%%

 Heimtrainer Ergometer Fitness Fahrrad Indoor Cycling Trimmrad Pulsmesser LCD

%%
%%

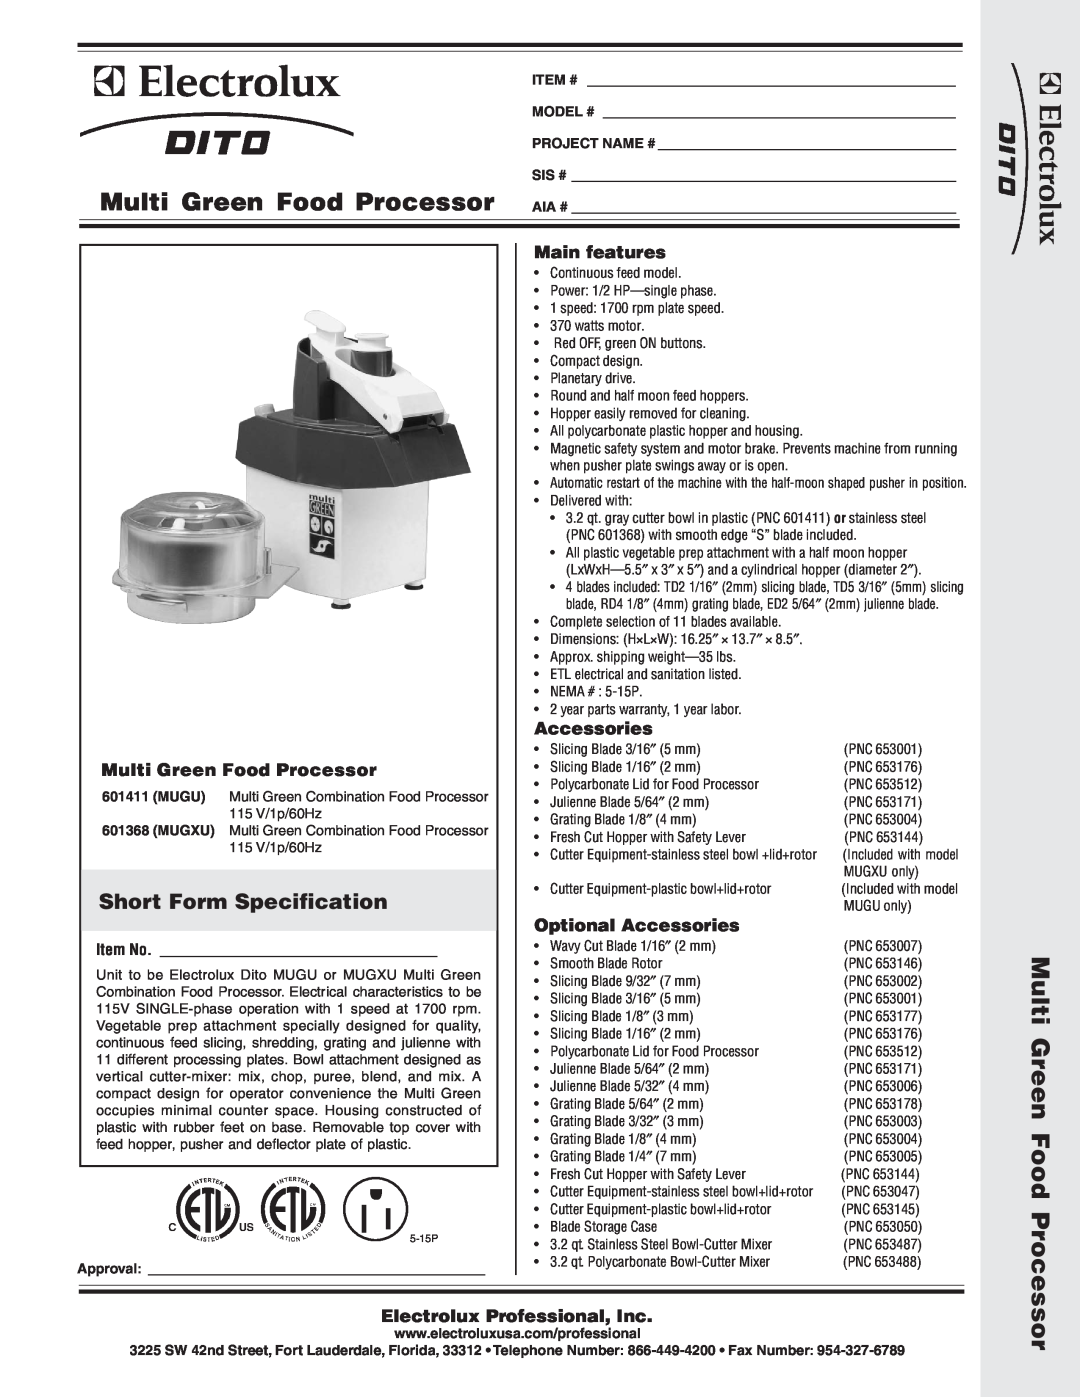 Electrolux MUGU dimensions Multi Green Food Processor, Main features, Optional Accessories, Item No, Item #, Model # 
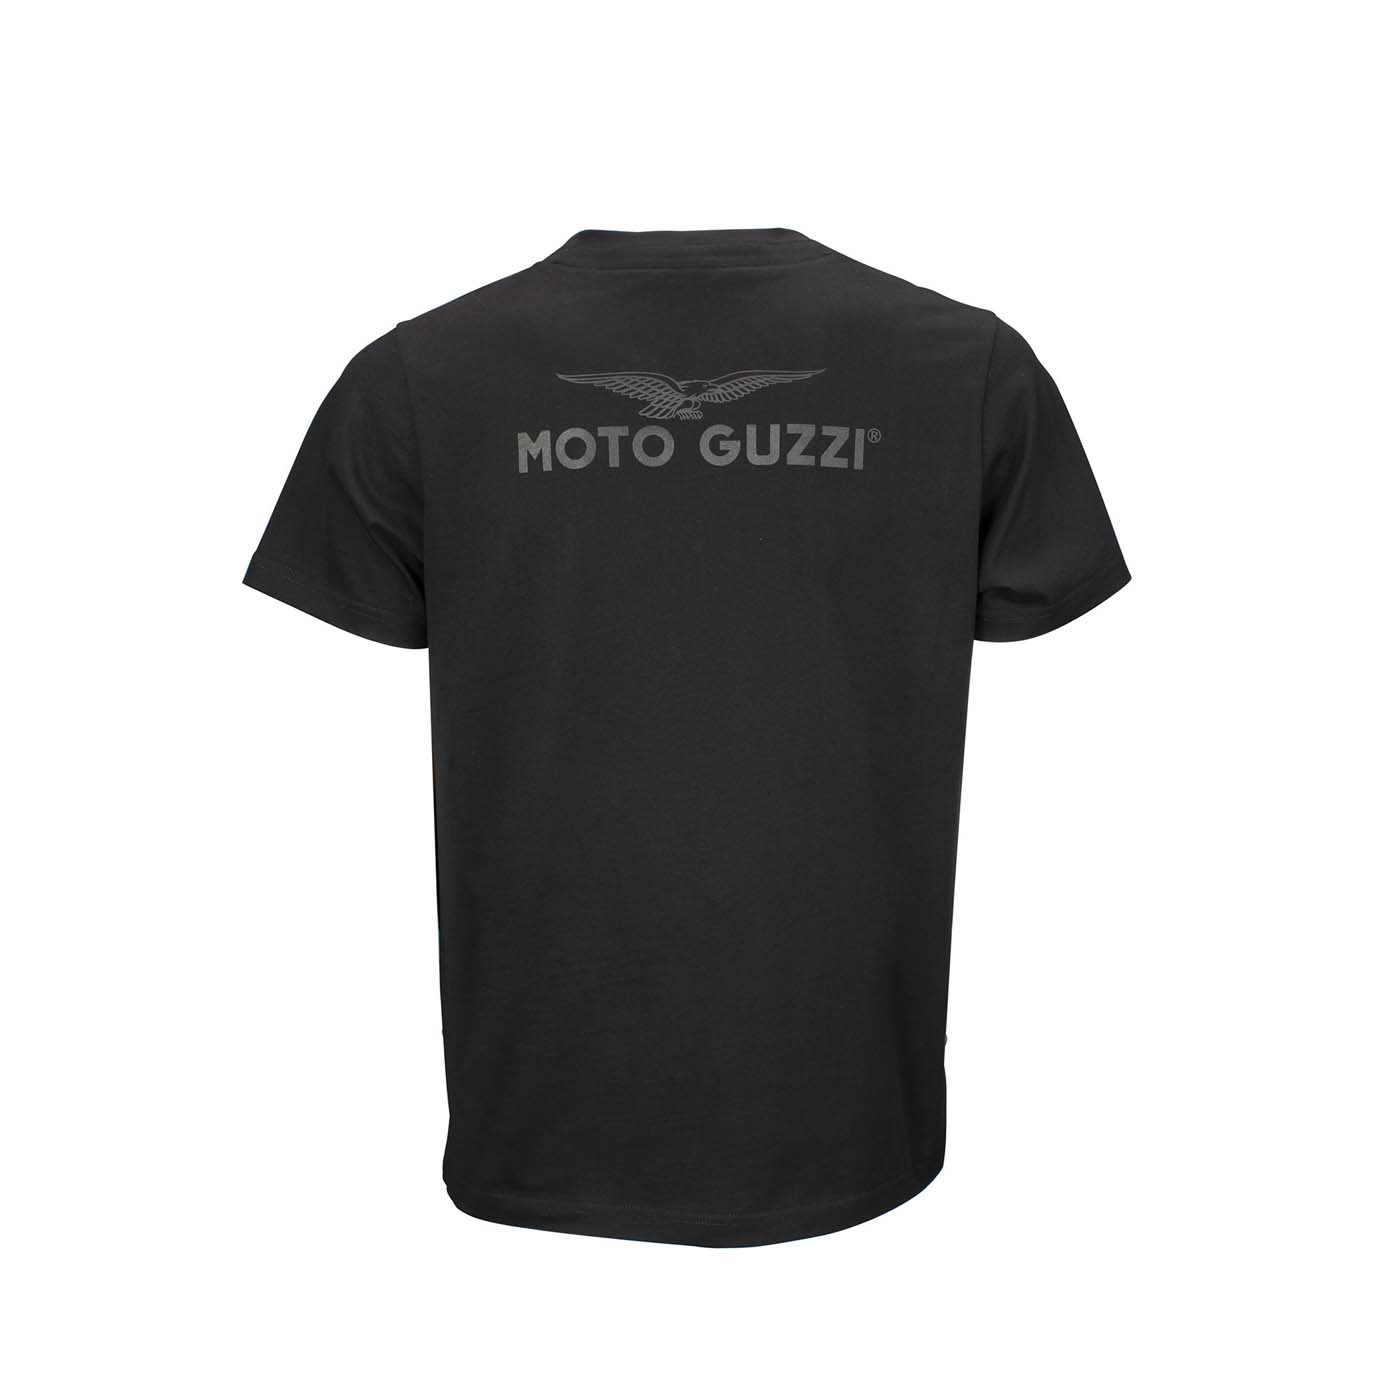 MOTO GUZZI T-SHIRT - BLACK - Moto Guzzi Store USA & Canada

%%

= What you need to do =
From the line holding "Electrolux MUGU dimensions" to the line holding "MOTO GUZZI T-SHIRT", both included, retype the entries above exactly and drop the pictures.

= Finished task =
 Electrolux MUGU dimensions Multi Green Food Processor, Main features, Optional Accessories, Item No, Item #, Model # 
 MOTO GUZZI T-SHIRT - BLACK - Moto Guzzi Store USA & Canada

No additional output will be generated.